This teriyaki tofu and broccoli bowl is a quick and easy weeknight meal that's packed with flavor. The tofu is crispy on the outside and tender on the inside, and the broccoli is cooked to perfection. The teriyaki sauce is sweet and savory, and it coats the tofu and broccoli perfectly. This bowl is a great way to get your vegetables in, and it's also a good source of protein.
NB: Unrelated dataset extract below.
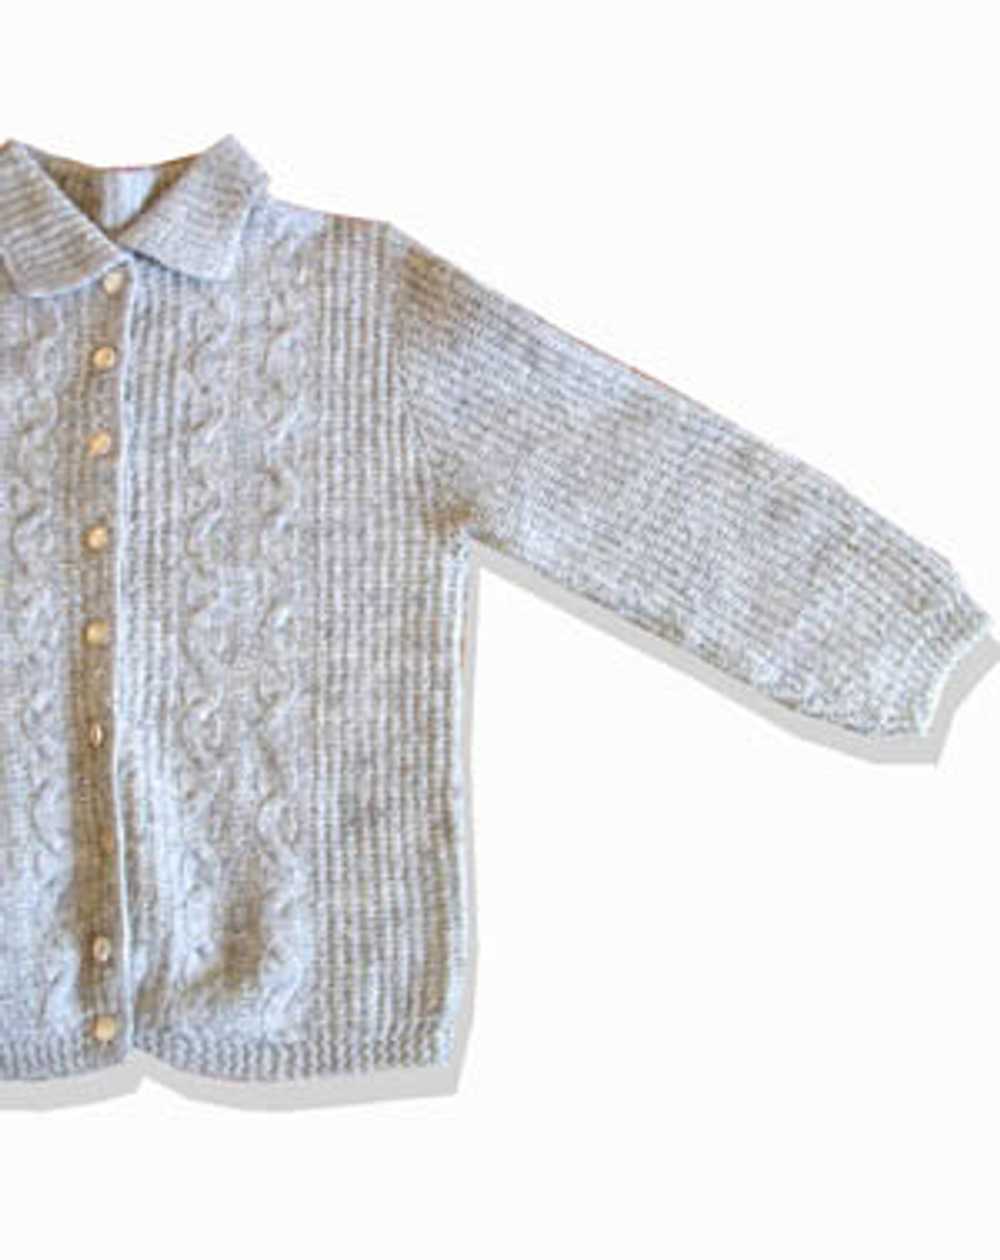 May Claire heathered cardigan - image 1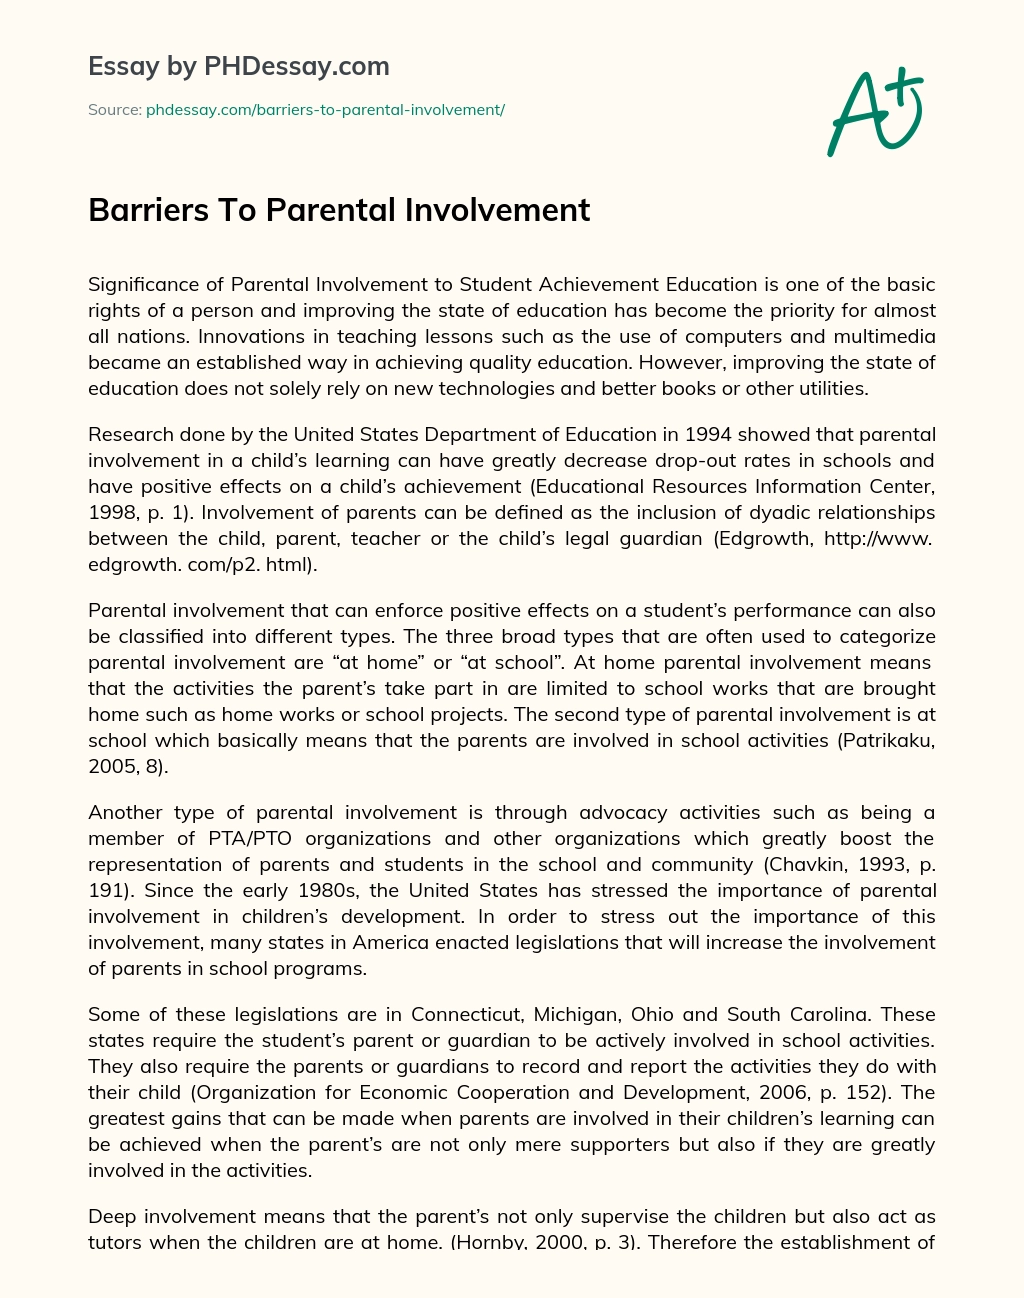 Barriers To Parental Involvement essay

This recipe was inspired by a trip I took to Japan a few years ago. I was obsessed with the teriyaki tofu and broccoli bowls I ate there, and I knew I had to recreate them at home. After a lot of trial and error, I finally came up with this recipe. It's not quite as good as the bowls I had in Japan, but it's pretty darn close.
Prep time: 15 | Cook time: 15 | Serves: 2
Ingredients
Extra firm tofu
Broccoli florets
Teriyaki sauce
Soy sauce (optional)
Vegetable stock or water
Sesame seeds (for garnish)
Green onions (for garnish)
Instructions
Press the tofu to remove excess water. Cut into cubes.
Heat a large skillet or wok over medium-high heat. Add the tofu and cook until browned on all sides.
Add the broccoli florets and cook until tender but still slightly crisp.
Pour in the teriyaki sauce and soy sauce (if using). Bring to a simmer and cook until the sauce has thickened and the tofu and broccoli are coated.
If the sauce is too thick, add a splash of vegetable stock or water.
Serve the teriyaki tofu and broccoli over a bed of rice.
Garnish with sesame seeds and green onions.
Why It Works
The tofu is pressed to remove excess water, which helps it to brown and crisp up in the pan.
The broccoli is cooked until tender but still slightly crisp, which gives it a great texture.
The teriyaki sauce is made with a combination of soy sauce, mirin, and brown sugar, which gives it a sweet and savory flavor.
The bowl is served over a bed of rice, which helps to absorb the sauce and make the dish more filling.